▶ What needs to be done: Copy out the data exactly, leaving the pictures behind.

▶ Collected data:
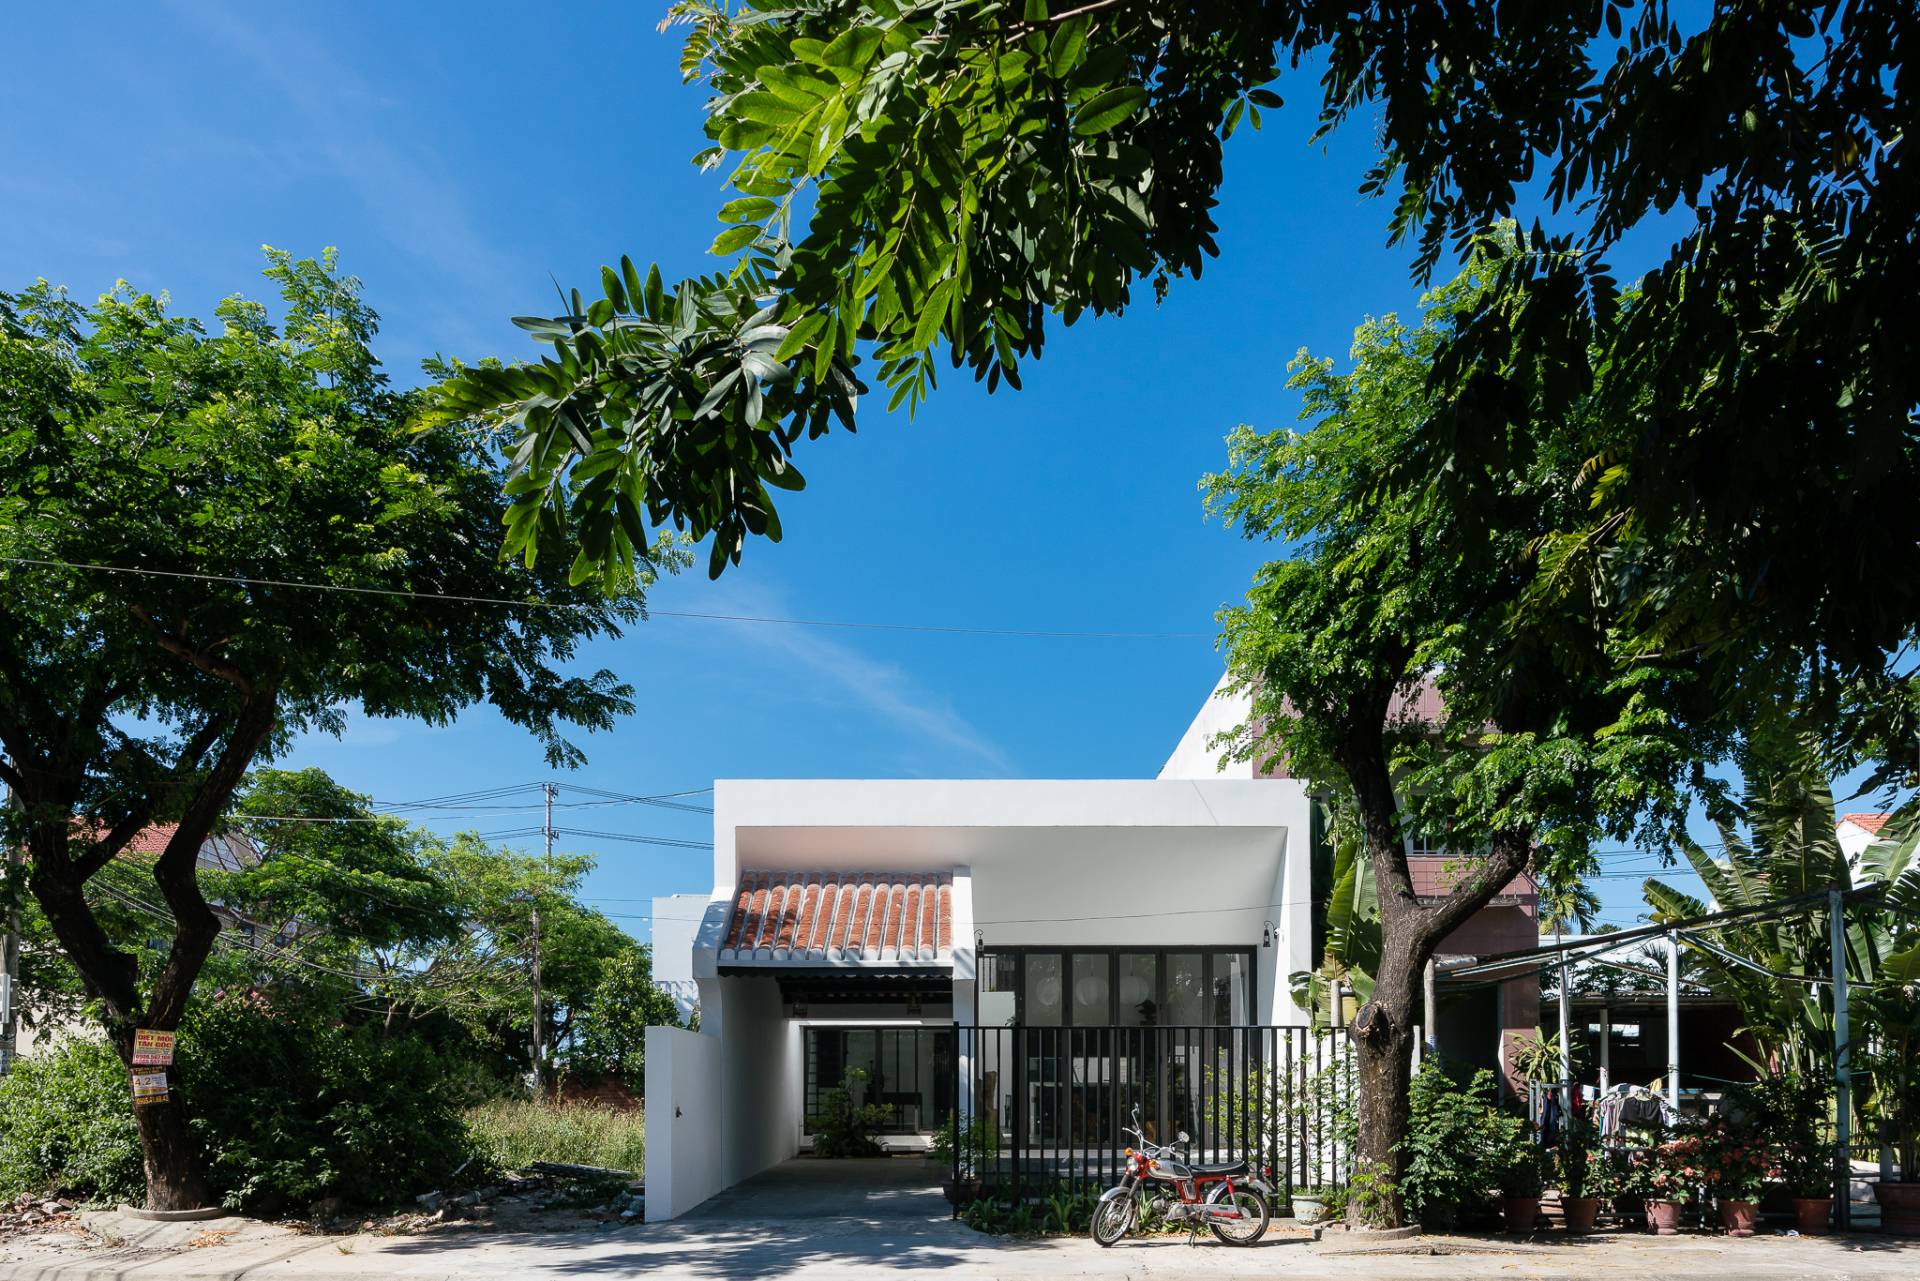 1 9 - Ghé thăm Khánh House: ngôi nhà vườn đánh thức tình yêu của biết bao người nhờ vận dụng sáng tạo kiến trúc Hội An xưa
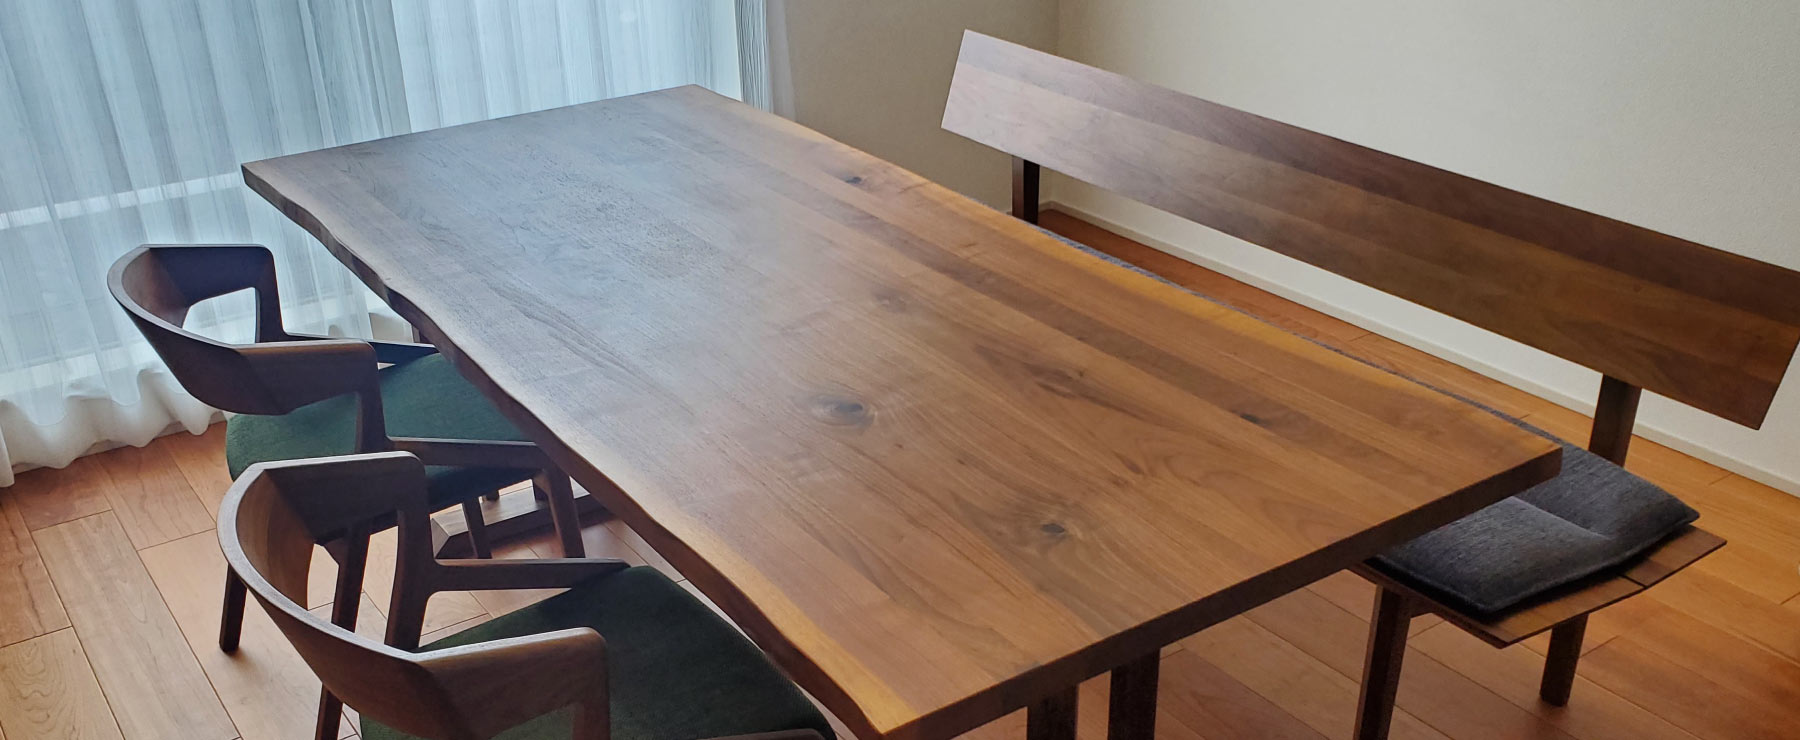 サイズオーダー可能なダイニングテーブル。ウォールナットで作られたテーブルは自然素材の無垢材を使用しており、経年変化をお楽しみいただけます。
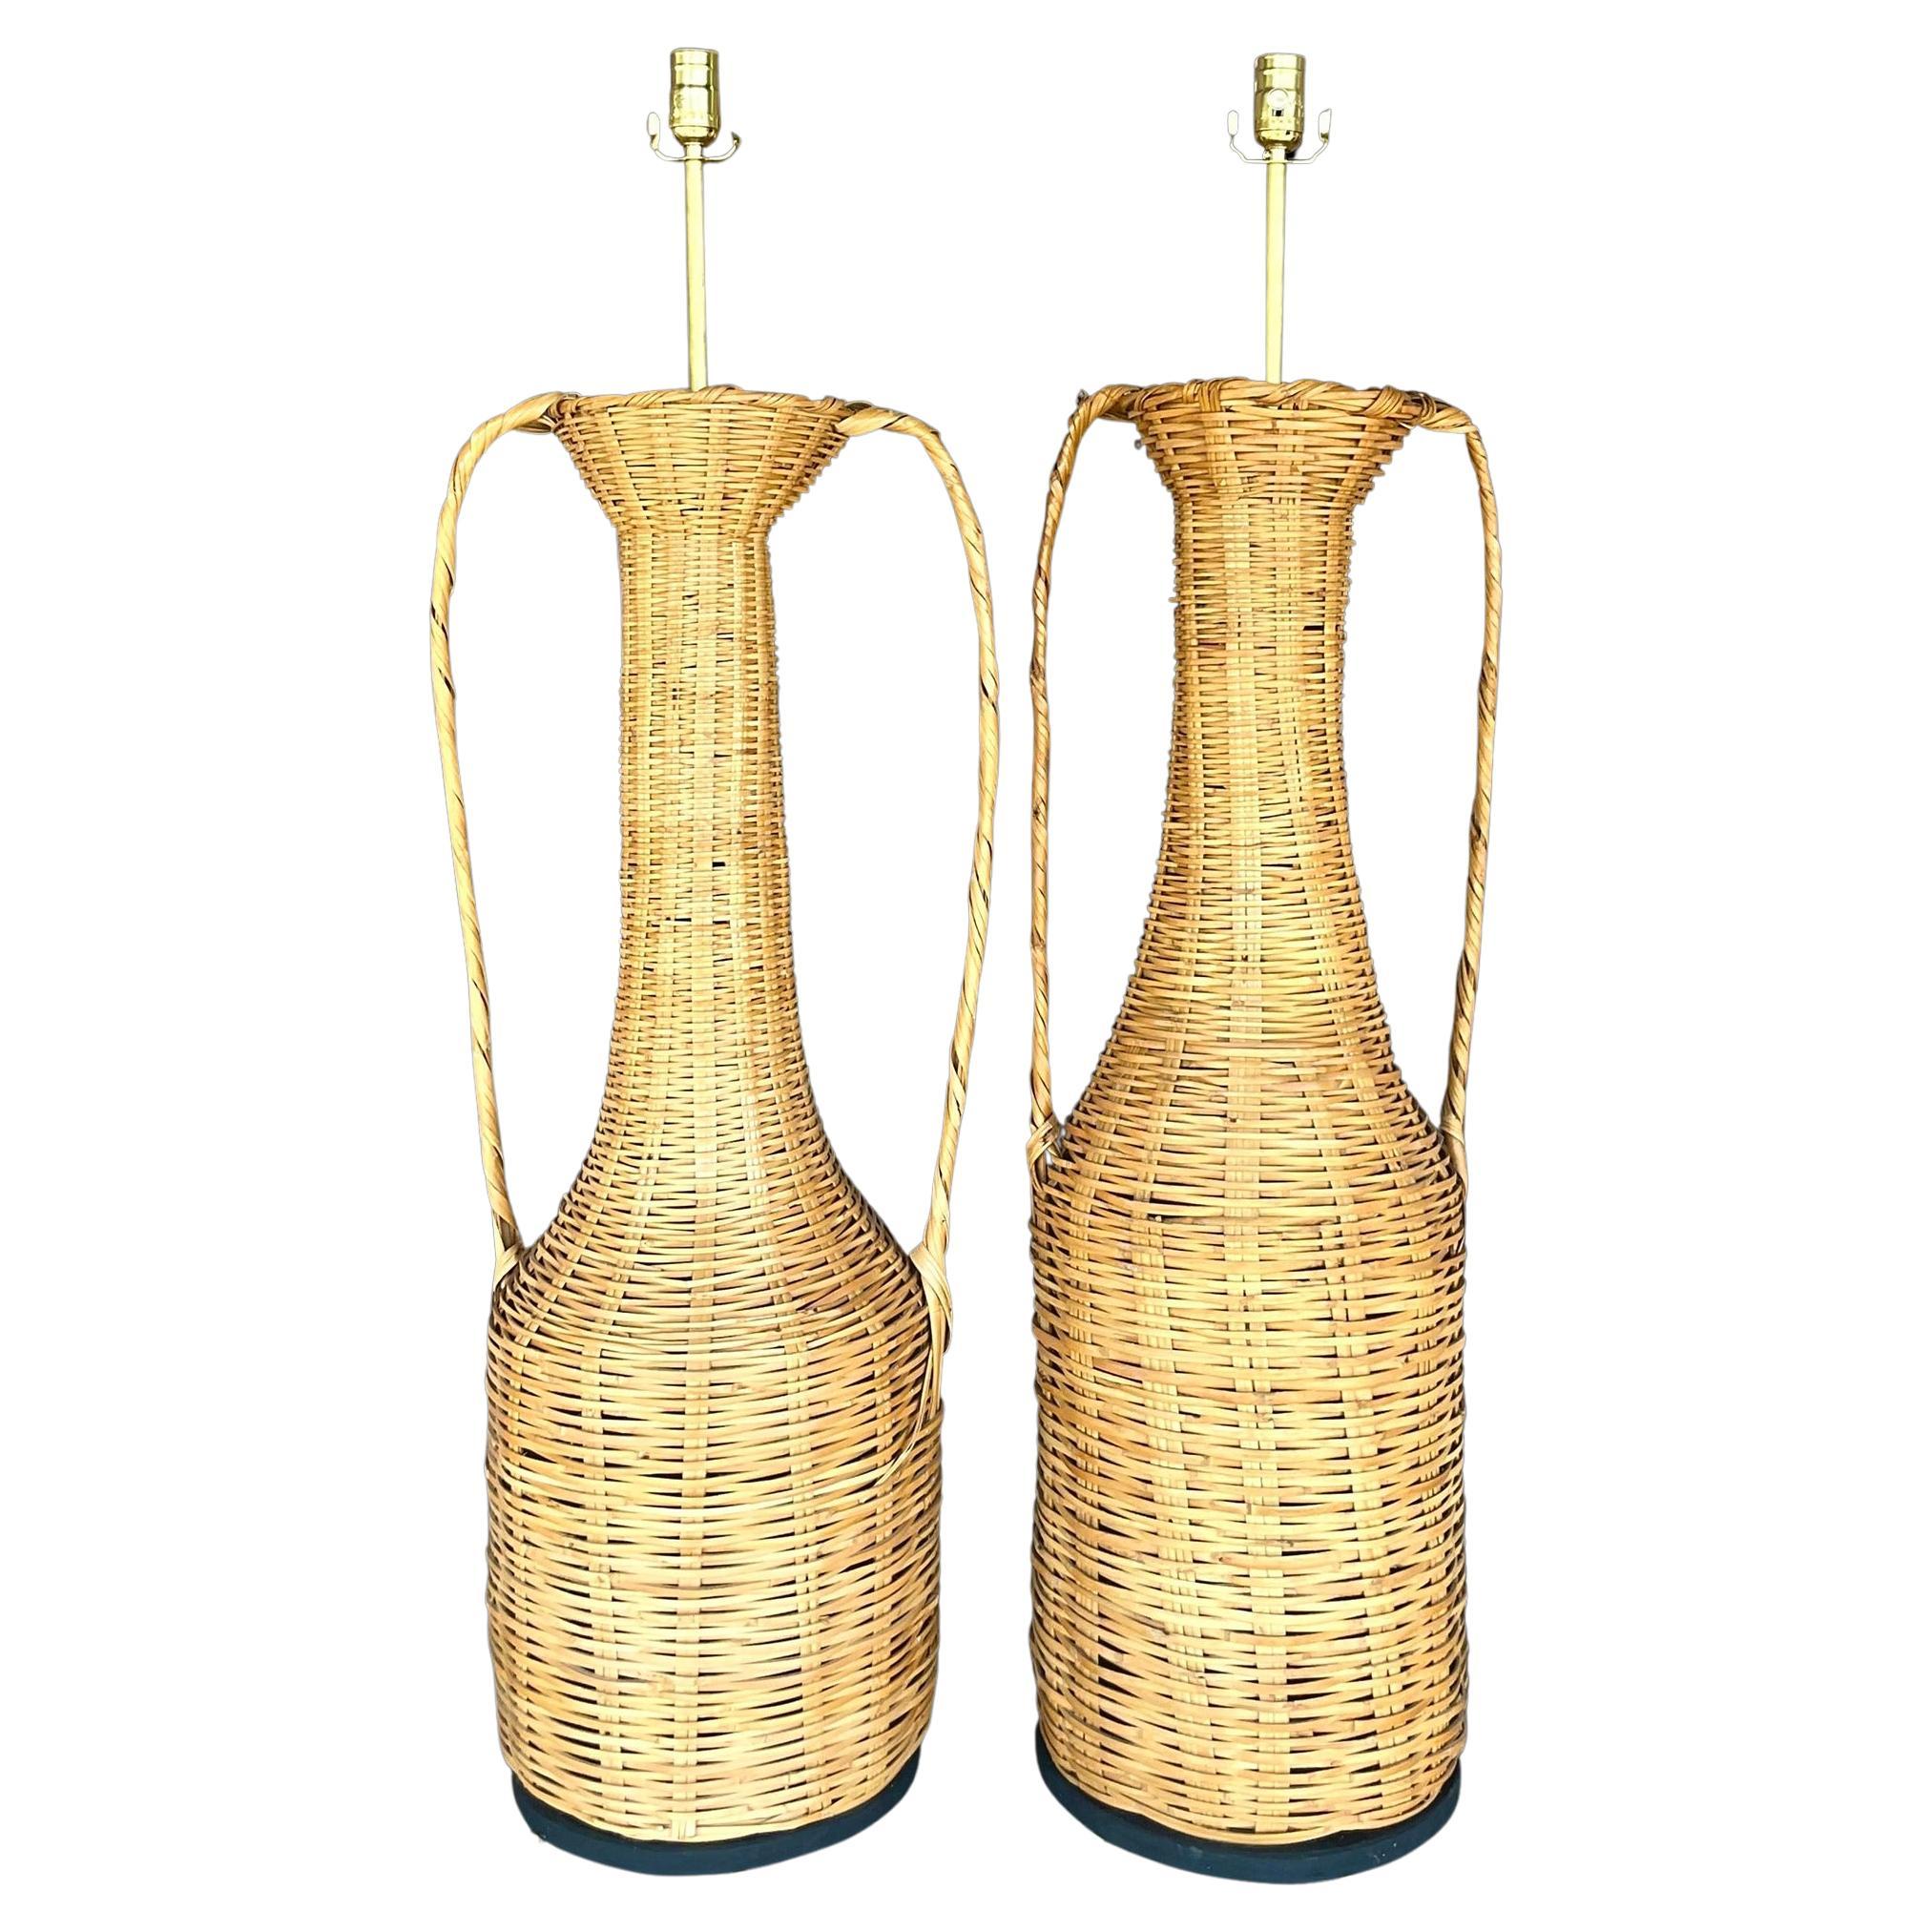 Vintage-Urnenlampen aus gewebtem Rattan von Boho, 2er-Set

▶ Solved exercise:
 1 9 - Ghé thăm Khánh House: ngôi nhà vườn đánh thức tình yêu của biết bao người nhờ vận dụng sáng tạo kiến trúc Hội An xưa
 サイズオーダー可能なダイニングテーブル。ウォールナットで作られたテーブルは自然素材の無垢材を使用しており、経年変化をお楽しみいただけます。
 Vintage-Urnenlampen aus gewebtem Rattan von Boho, 2er-Set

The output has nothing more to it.